Informacoes sobre ordens
| Nome do Produto | Numero de Catalogo | UNID | Preco | Qde | FAVORITOS | |
γ-sarcoglycan Plasmídeo de ativação de CRISPR (h) | sc-402275-ACT | 20 µg | $397.00 | |||
γ-sarcoglycan Plasmídeo de ativação de CRISPR (h2) | sc-402275-ACT-2 | 20 µg | $397.00 |
SGCG codifica a γ-sarcoglicana, um componente central do complexo de sarcoglicanas dentro do complexo de glicoproteínas associadas à distrofina, que estabiliza a membrana da célula muscular durante a contração. A γ-sarcoglicana contribui para o acoplamento entre o citoesqueleto e a matriz extracelular, sustentando a integridade do sarcolema e a mecanotransdução no músculo estriado. A disrupção de SGCG prejudica a montagem do complexo de sarcoglicanas e compromete a estabilidade da membrana, promovendo sinalização associada a dano, alteração do manejo de cálcio e remodelamento responsivo ao estresse. A disfunção de SGCG está geneticamente ligada a fenótipos de distrofia muscular, tornando-o um alvo relevante para estudar a biologia do complexo distrofina–glicoproteínas e vias de degeneração muscular.
γ-sarcoglycan O Plasmídeo de Ativação CRISPR (h) oferece uma abordagem direcionada e não destrutiva para regular positivamente a expressão endógena de SGCG sem alterar a sequência de ADN subjacente.

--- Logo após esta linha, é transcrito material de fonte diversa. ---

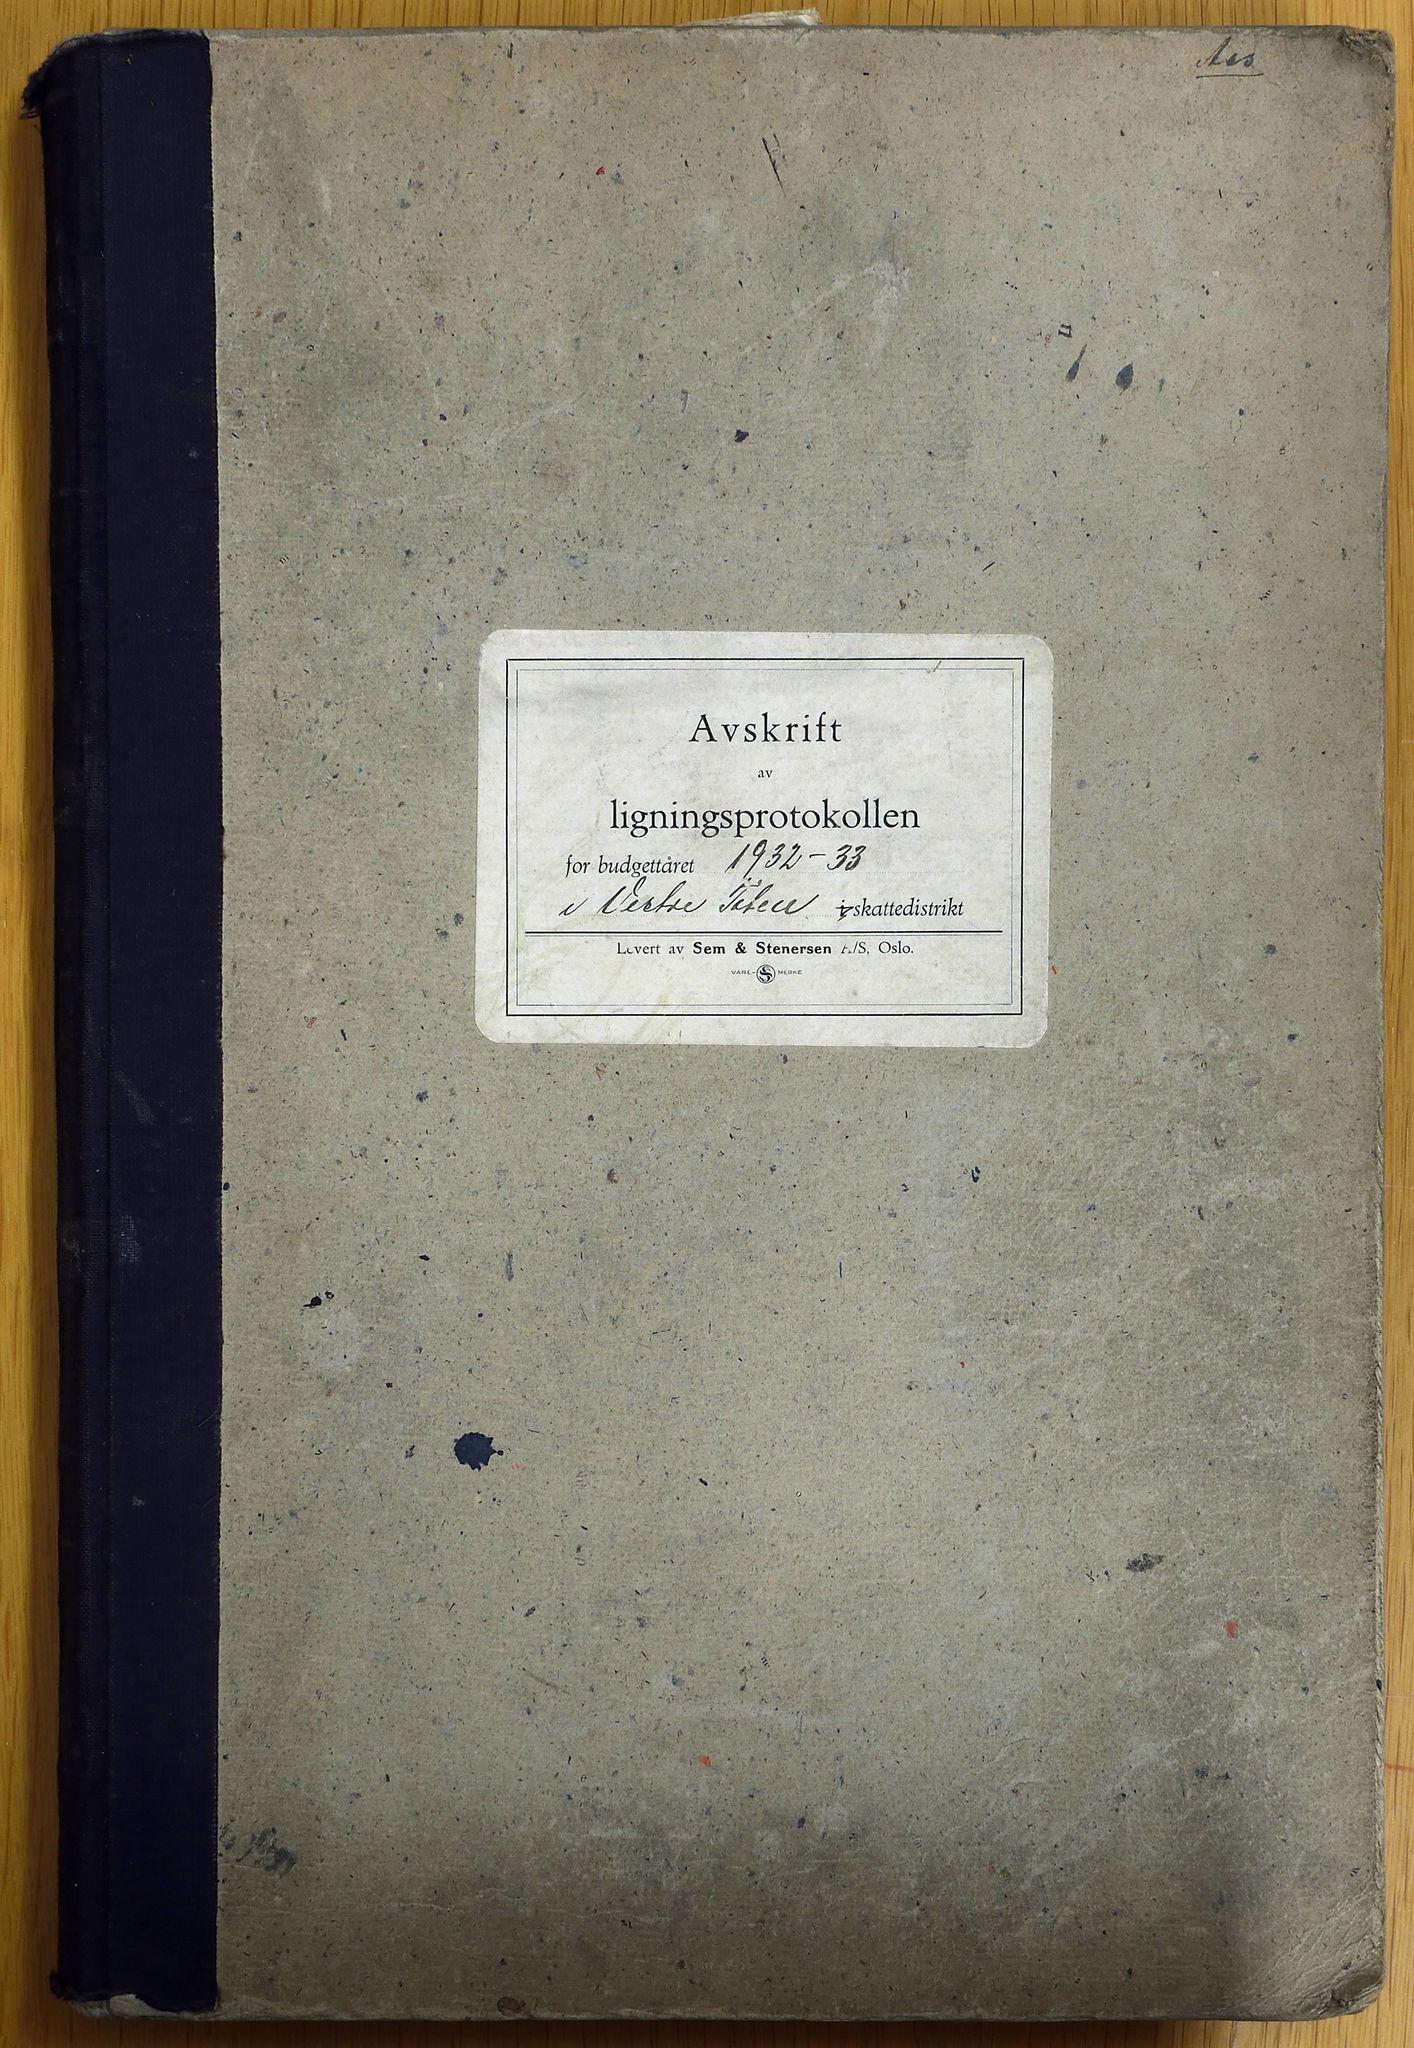 KVT, Vestre Toten municipality archive:  Vestre Toten municipality tax assessment protocol 1932-1933, 1932-1933

γ-sarcoglycan O Plasmídeo de Ativação CRISPR (h) é um sistema mediador de ativação sinérgica (SAM) de três plasmídeos, concebido para a regulação positiva transcricional altamente eficiente e específica do locus SGCG em linhas celulares humanas. O sistema é construído em torno de uma Cas9 cataliticamente inativa (dCas9) portadora de duas mutações inativadoras (D10A e N863A) que eliminam a atividade nuclease, preservando simultaneamente a ligação ao ADN. Esta dCas9 é fundida com VP64, um potente ativador transcricional, e é coexpressa com um gene de resistência à blasticidina para seleção. O segundo plasmídeo codifica a proteína de fusão MS2-p65-HSF1, um complexo ativador secundário que atua em conjunto com o dCas9-VP64, juntamente com um gene de resistência à higromicina. O terceiro plasmídeo codifica um sgRNA de 20 nt específico para o alvo, fundido a dois aptâmeros de RNA MS2 que recrutam o complexo MS2-p65-HSF1 para o local de ativação, acompanhado por um gene de resistência à puromicina. Os três plasmídeos são administrados numa proporção de massa de 1:1:1 para uma expressão equilibrada de todos os componentes do sistema.

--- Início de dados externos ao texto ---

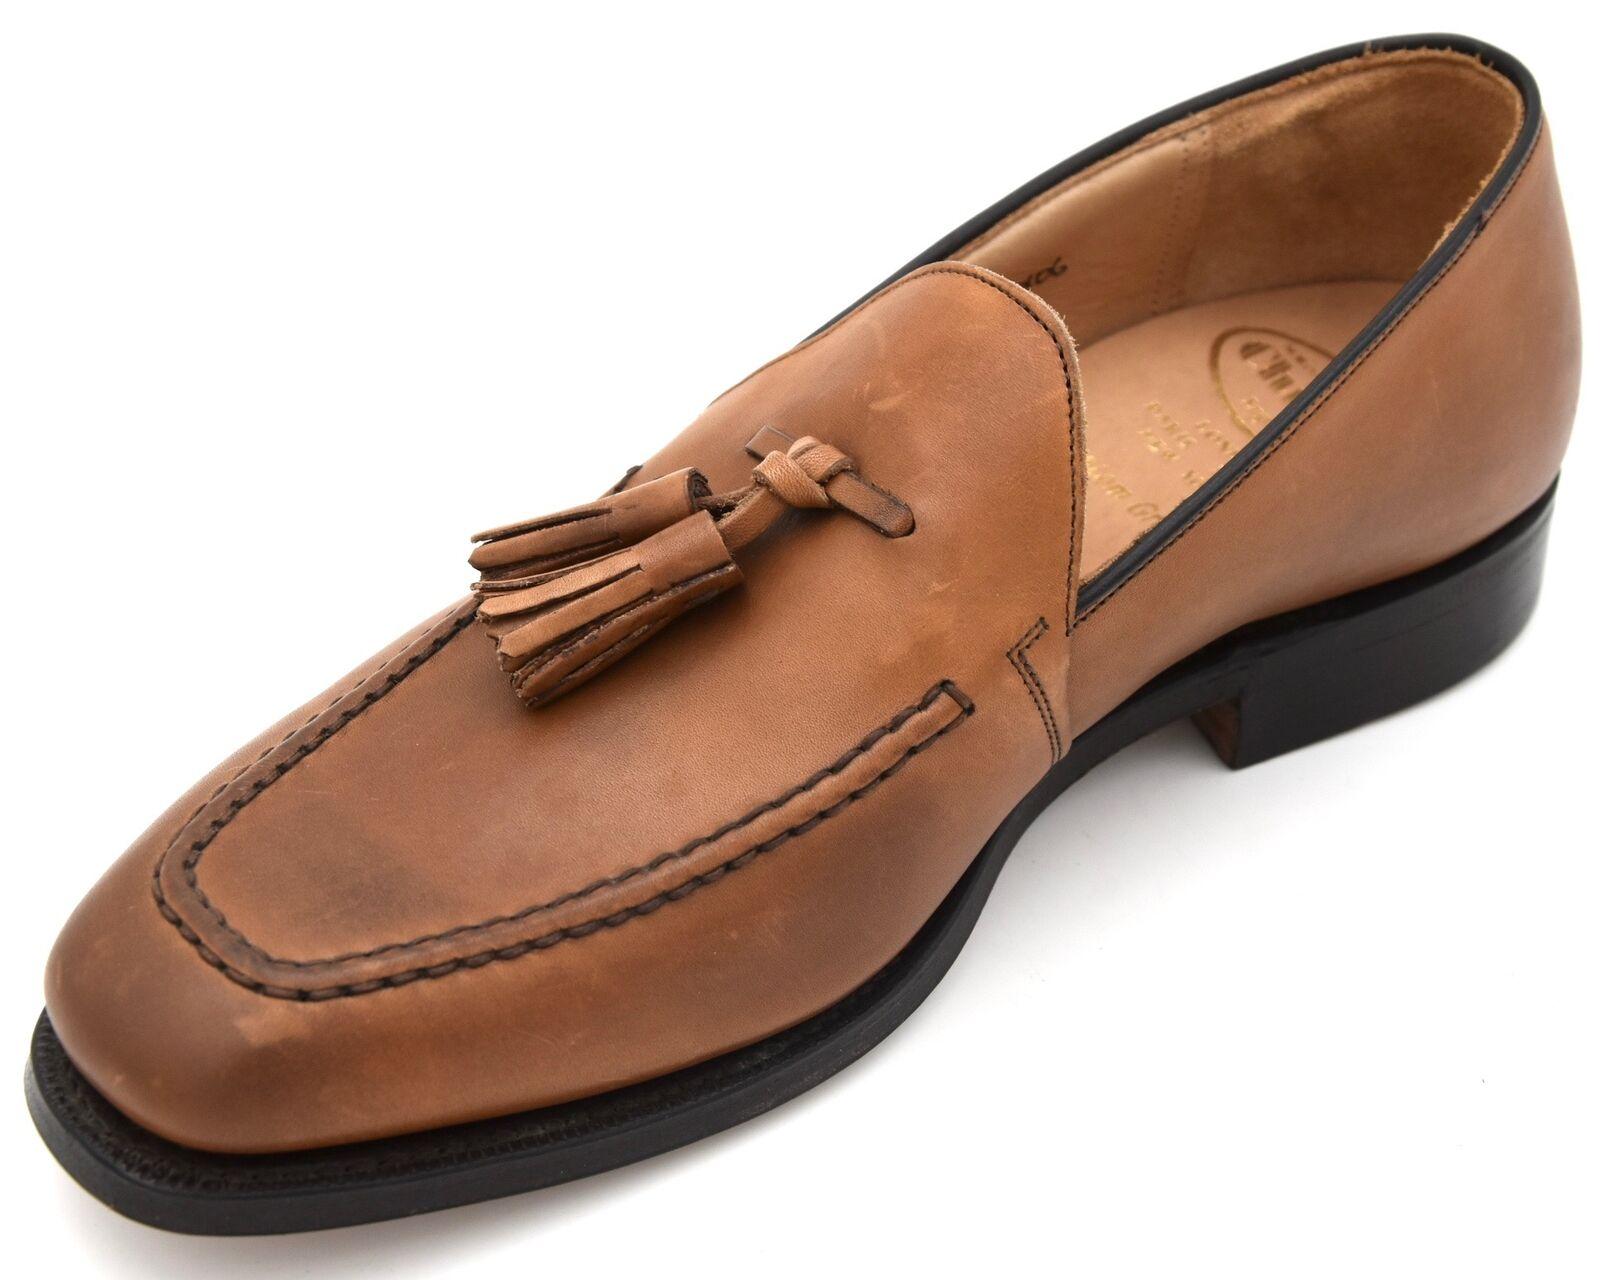 CHURCH'S HOMBRE shoes PLANOS MOCASINES FORMAL FIT G EN CUERO ART. HARROW

Uma vez montado no locus alvo, o complexo SAM liga-se a cerca de 200 pb a montante do local de início da transcrição SGCG, onde VP64, p65 e HSF1 atuam em conjunto para recrutar a maquinaria transcricional e impulsionar a regulação positiva da expressão endógena de γ-sarcoglycan. Ao contrário da Cas9 com atividade nuclease, o dCas9 não introduz quebras de cadeia dupla nem modifica a sequência genómica, preservando o locus SGCG nativo e permitindo o estudo de respostas transcricionais dependentes de γ-sarcoglycan no locus endógeno, tornando-o uma ferramenta valiosa para estudos funcionais, identificação de genes-alvo e modelagem da restauração da via γ-sarcoglycan em células tumorais com expressão de SGCG silenciada ou reduzida.
Apenas para uso em investigação. Não se destina a uso diagnóstico ou terapêutico.